Mitochondrial energy metabolism pathway alterations are the important hallmarks of lung cancer. Age did not increase the risk of MMRG mutation. High expression of GAPDHS, low expression of ACSBG1, low expression of CYP4A11, mutated ACOX3, and old age predict a poor prognosis of lung cancer. Four differentially expressed MMRGs (ACADL, ALDH18A1, CPT1B, and PPARG) established a logistic regression model, which could effectively diagnose lung cancer. At the protein level, ALDH18A1 and CPT1B were significantly upregulated, and ACADL and PPARG were slightly underexpressed, in the lung cancer group compared to the control group, which were consistent with the results of their corresponding mRNA expressions.

1. Introduction

Lung cancer has become an important public health problem due to its high morbidity and mortality. Metabolic changes in lung cancer affect prognosis and response to treatment [1]. Mitochondrial translation defects are the basis of many inborn errors of metabolism, which has been linked to multiple diseases such as cancer [2]. Mitochondrial pathway abnormalities and metabolic disorders can lead to gene expression changes to promote cancer development, progression, and immune system evasion [3]. Monoubiquitination of histone H2B negatively regulates the Warburg effect and tumorigenesis of human lung cancer cells through controlling the expressions of multiple mitochondrial aspiration genes [4]. Functional changes of mitochondrial proteins have great influence on the development and progression of lung cancer [5]. Studies have shown that apoptosis-inducing factor regulates mitochondrial respiration, and phosphorylation promotes the progression of lung cancer [6]. Mitochondrial ribosome-related genes were identified as the highest expressed genes to associate with metastasis-specific lethality in lung adenocarcinoma. Pyruvate carboxylase (PC) is a mitochondrial enzyme and is associated with lung metastasis in breast cancer [7]. Tumor cells rely on glycolysis and mitochondrial oxidative phosphorylation to survive. The mitochondrial oxidative phosphorylation pathway has become an increasingly interesting area of cancer therapy [8]. The metastatic cell state of lung adenocarcinoma is related to the specific changes of mitochondrial function, which opens up a new way for the specific treatment of metastatic lung adenocarcinoma [9]. Lung cancer shows a strong mitochondrial glucose oxidation. Mitochondrial electron transport chain (MTC) is essential for tumor growth. Inhibition of MTC has been proved to have antitumor effect in combination with targeted therapy [10]. VDAC1, a mitochondrial protein that controls cellular energy, is often overexpressed in many cancers. By specifically silencing VDAC1 gene, the growth of lung cancer cells can be inhibited [11]. Therefore, mitochondrial energy metabolism pathways not only affect the occurrence and development of lung cancer but also are a potential target of lung cancer therapy.

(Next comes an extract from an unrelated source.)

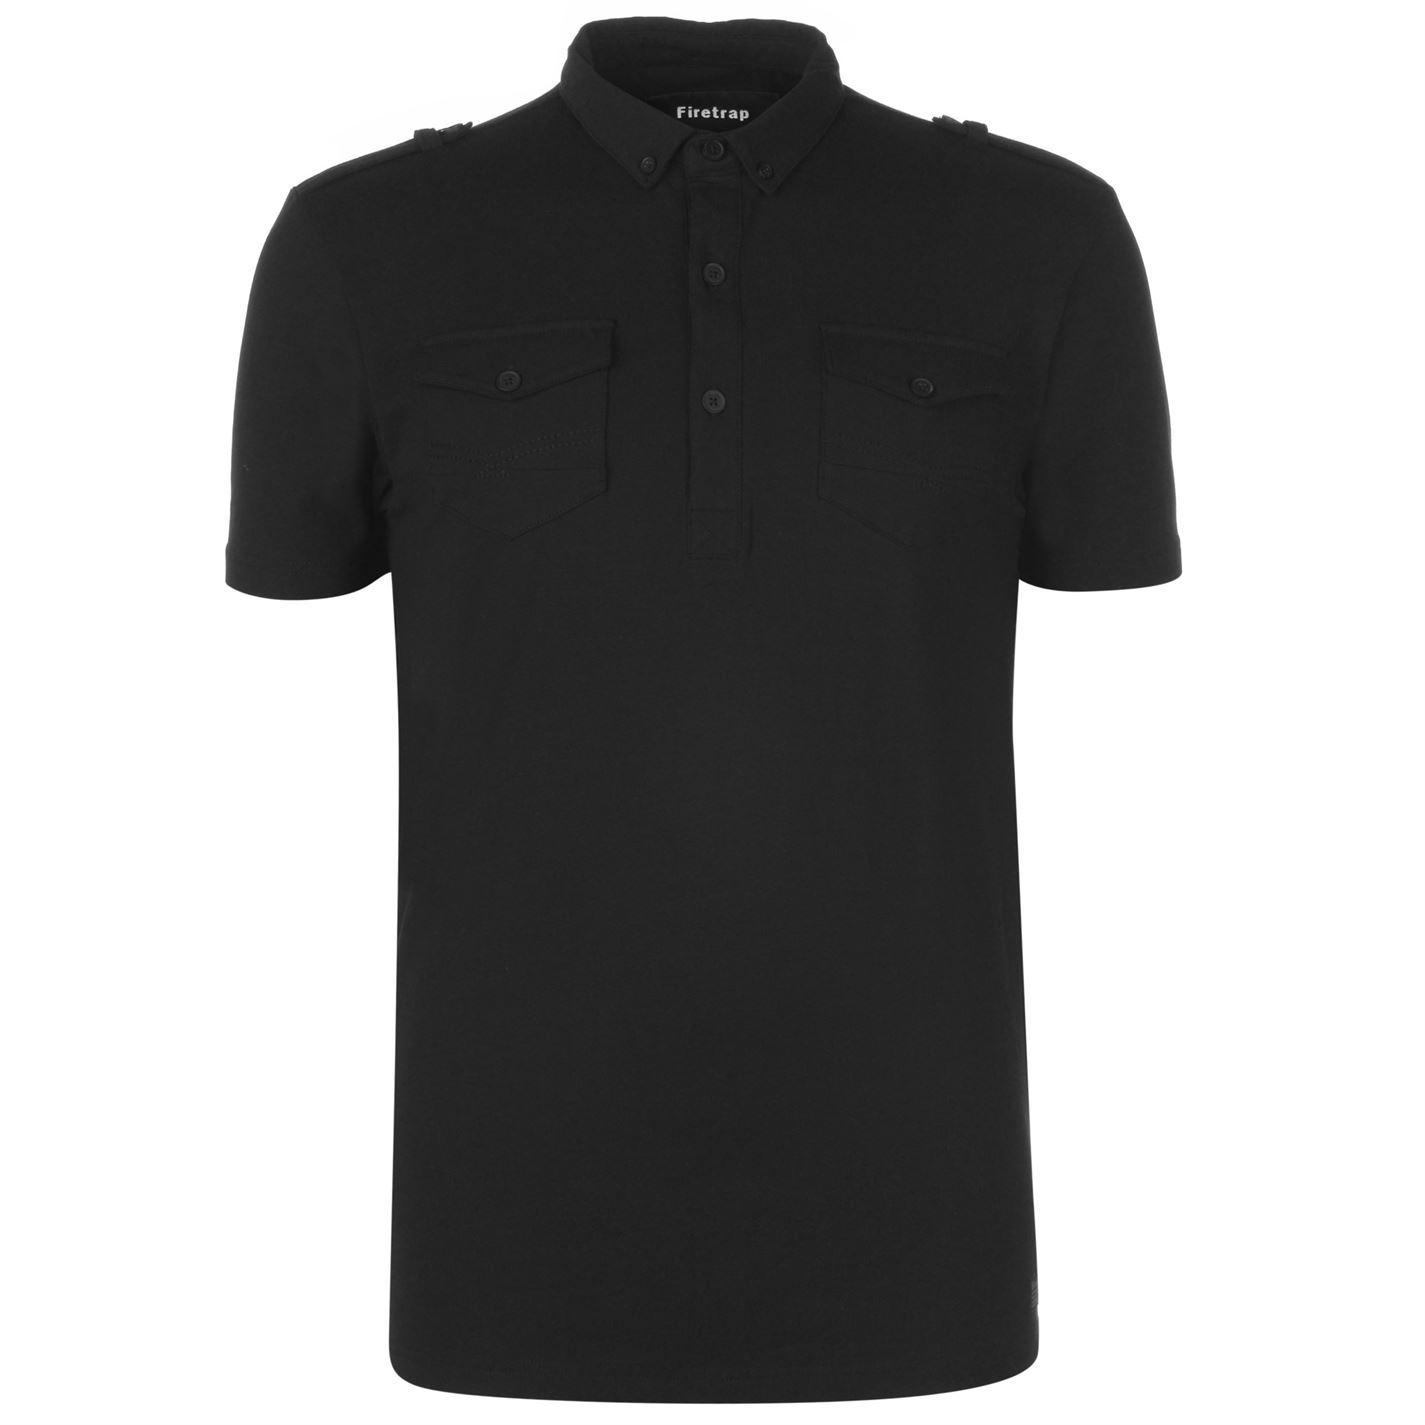 thumbnail 6 - Firetrap-Double-Pocket-Polo-Shirt-Mens-Collar-Top-Tee-Black-Medium

Metabolism in living organisms includes anabolism and catabolism. The main locations of anabolism are in the cytoplasm of cells, such as cholesterol synthesis, fatty acid synthesis, and glycogen synthesis. The main locations of catabolism are in mitochondria, such as the Kreb's cycle of the three nutrients, the β oxidation of fatty acids, and the aerobic oxidation of glucose. Many substances are metabolized in the cell's mitochondria. Common and important metabolisms are oxidative decomposition of glucose, tricarboxylic acid cycle, and oxidative phosphorylation, etc. This study focuses on mitochondrial energy metabolism pathway, especially the major catabolic pathways in mitochondria. One important goal of mitochondrial catabolism is to convert the chemical energy stored in the three main nutrients into energy that the body can use, such as heat and ATP. Thus, the expression and mutation abnormalities of mitochondrial energy metabolism pathway-related genes (MMRGs) could cause an energy production abnormality, which are associated with the occurrence and development of malignant tumors. For example, GAPDHS, an important gene in the glycolytic pathway, is highly expressed in melanoma and is a biomarker of poor prognosis [12]. ACSBG1, an acyl-CoA synthetase, is originally identified in the fruit fly mutant bubblegum. Acyl-CoA synthase activates fatty acids to produce its coenzyme A derivatives and plays an important role in fatty acid metabolism [13]. ACSBG1 is involved in the metabolic pathway of fatty acids, which is significantly downregulated in psoriatic lesions [14]. Cytochrome P4504 (CYP4) family of enzymes is involved in the metabolisms of fatty acids and signaling molecules, including eicosanes, leukotrienes, and prostatinoids. CYP4 enzyme participates in maintenance of the normal range of fatty acids and fatty acid-derived bioactive molecules [15], such as CYP4A11 is downregulated in liver cancer tissues [16].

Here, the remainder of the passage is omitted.